Data block:
......

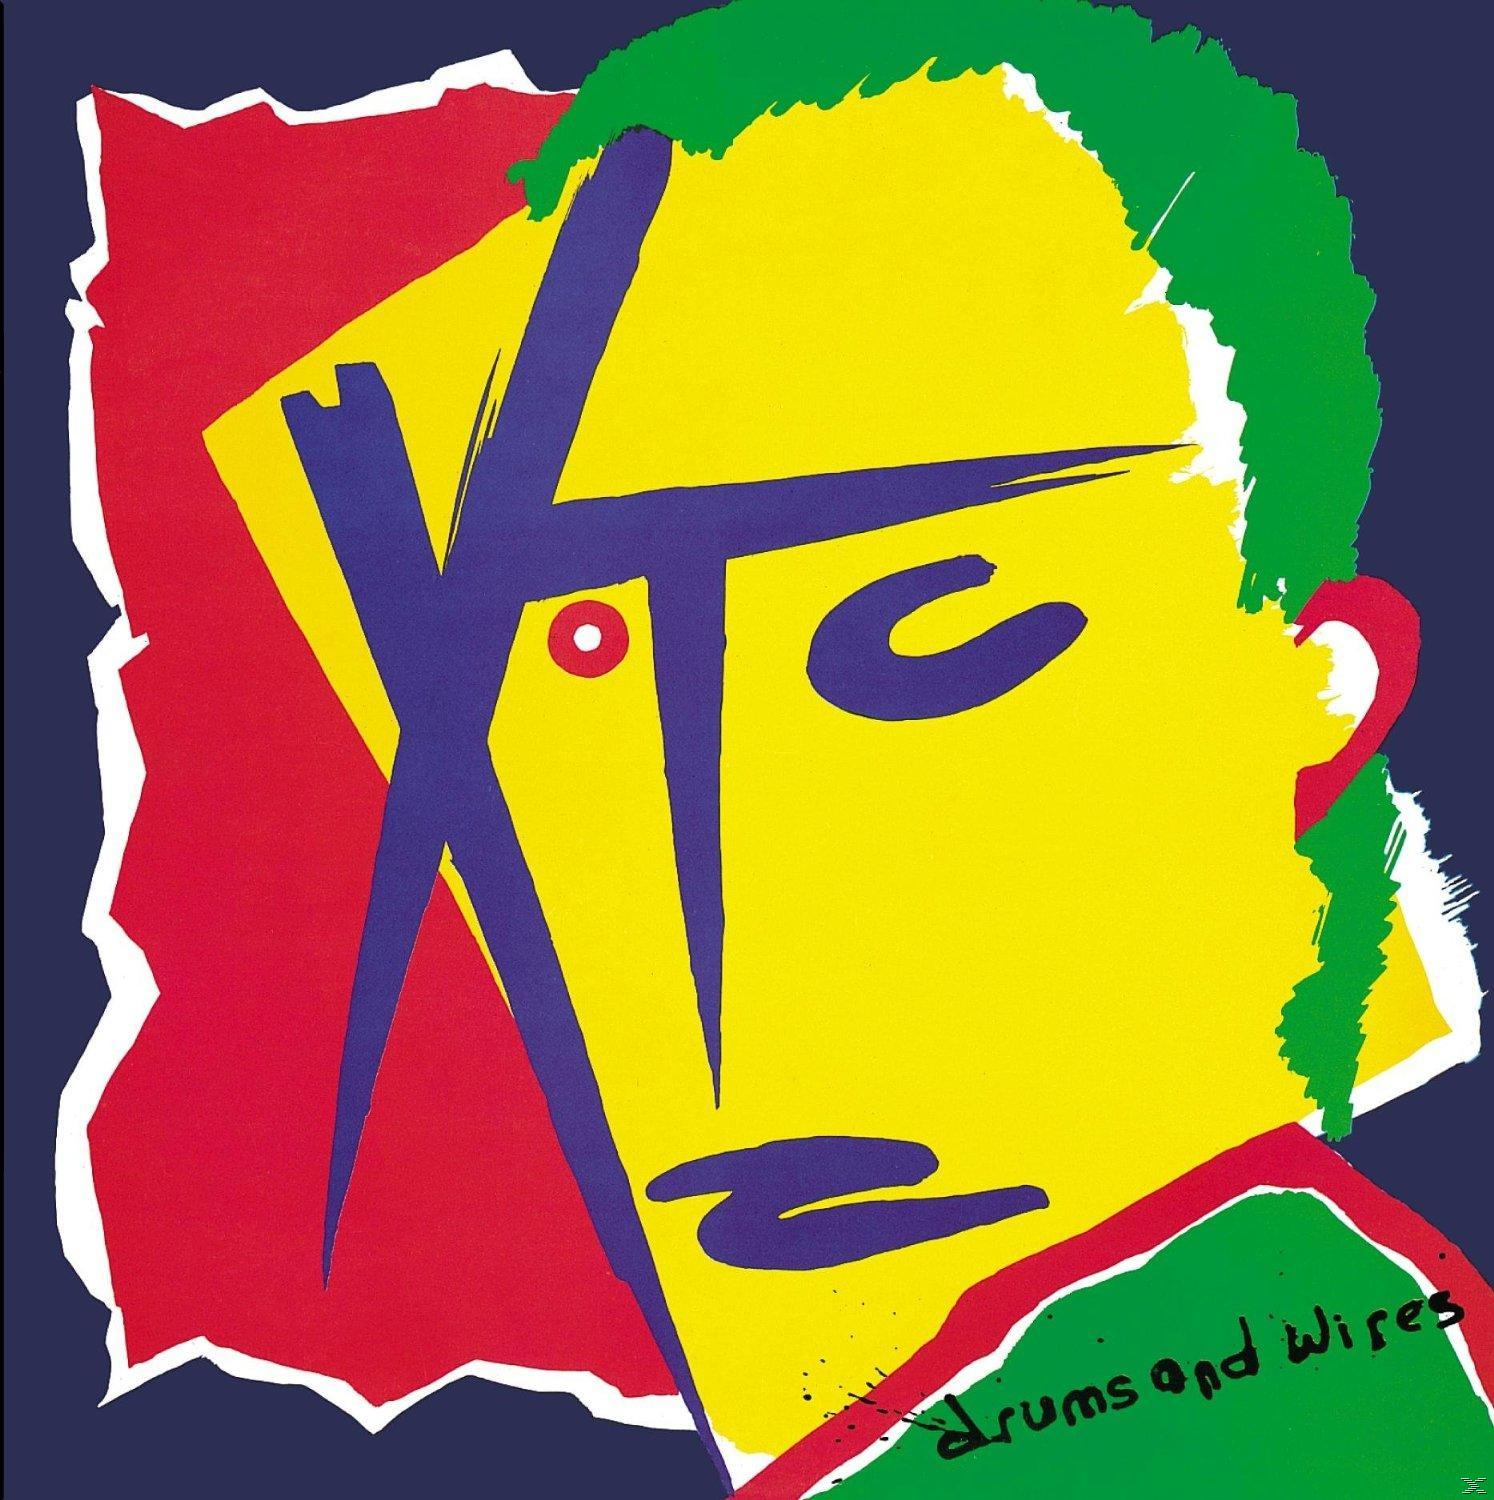 (Blu-ray & - (+CD) - Wires + Drums CD) XTC
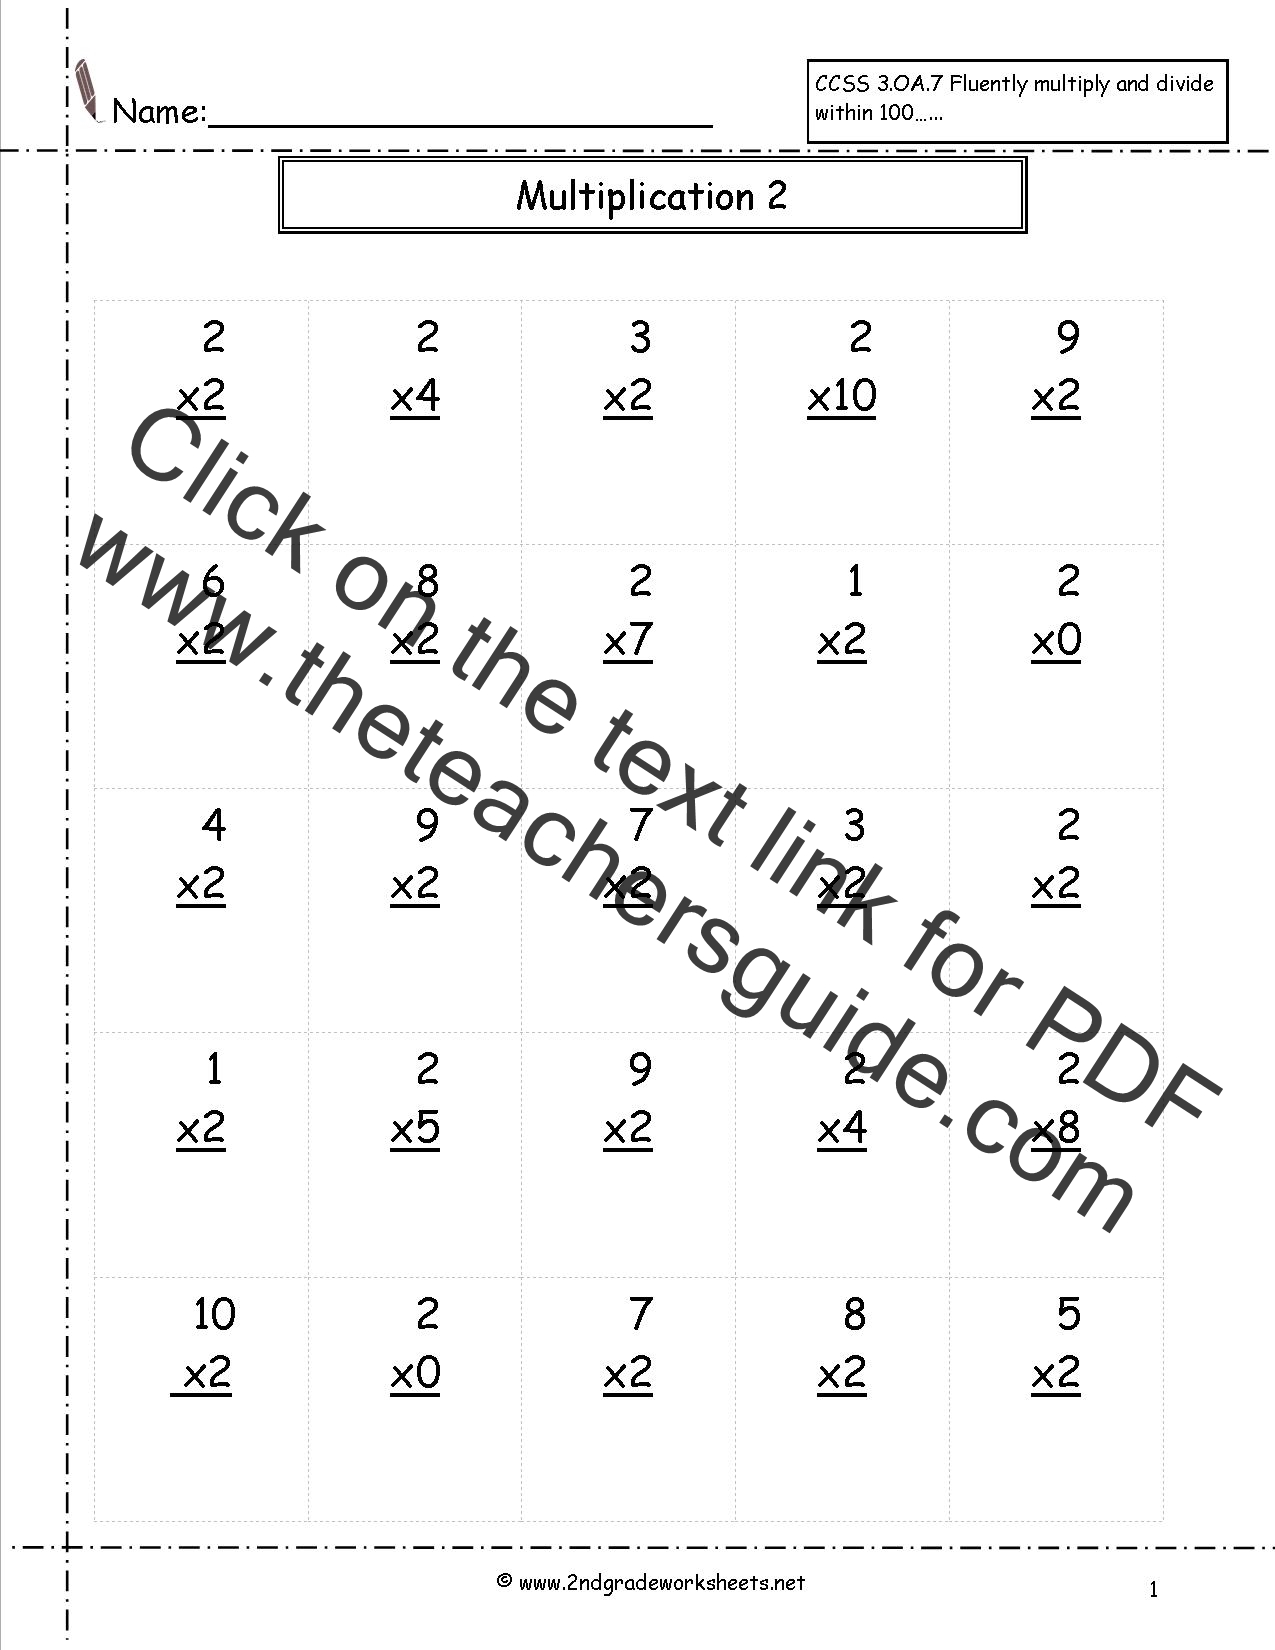  Multiplication Worksheets And Printouts
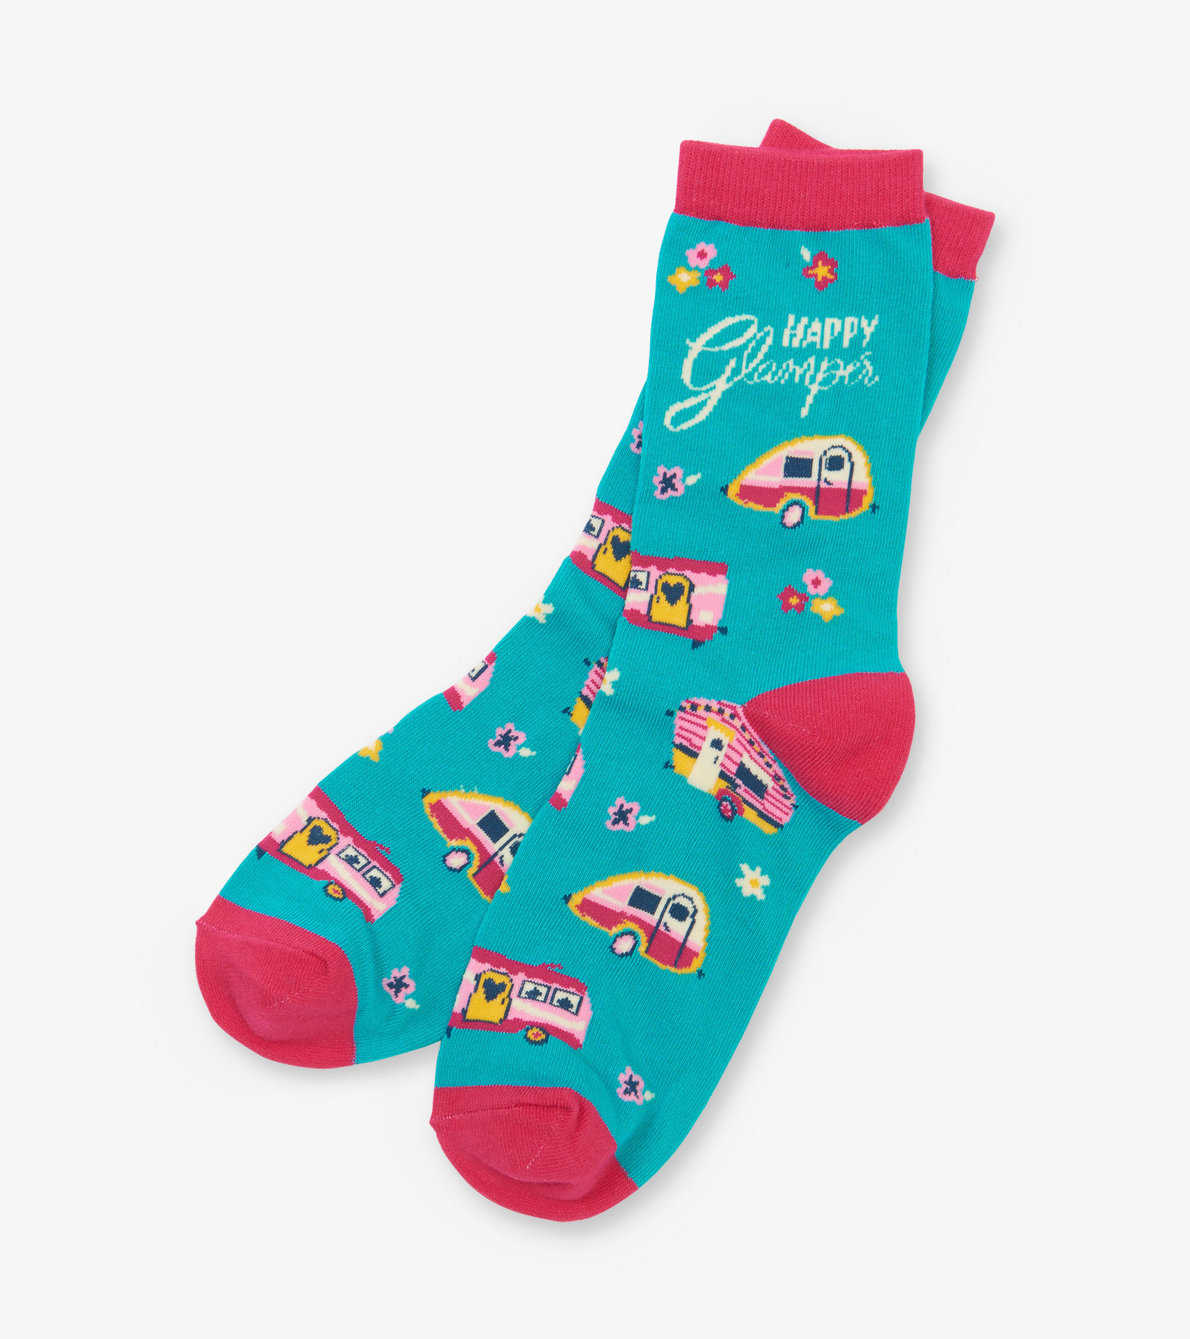 View larger image of Happy Glamper Women's Crew Socks

......

Task goal: Write out the whole listing above exactly; do not include the pictures.

Answer to this exercise:
 (Blu-ray & - (+CD) - Wires + Drums CD) XTC
  Multiplication Worksheets And Printouts
 View larger image of Happy Glamper Women's Crew Socks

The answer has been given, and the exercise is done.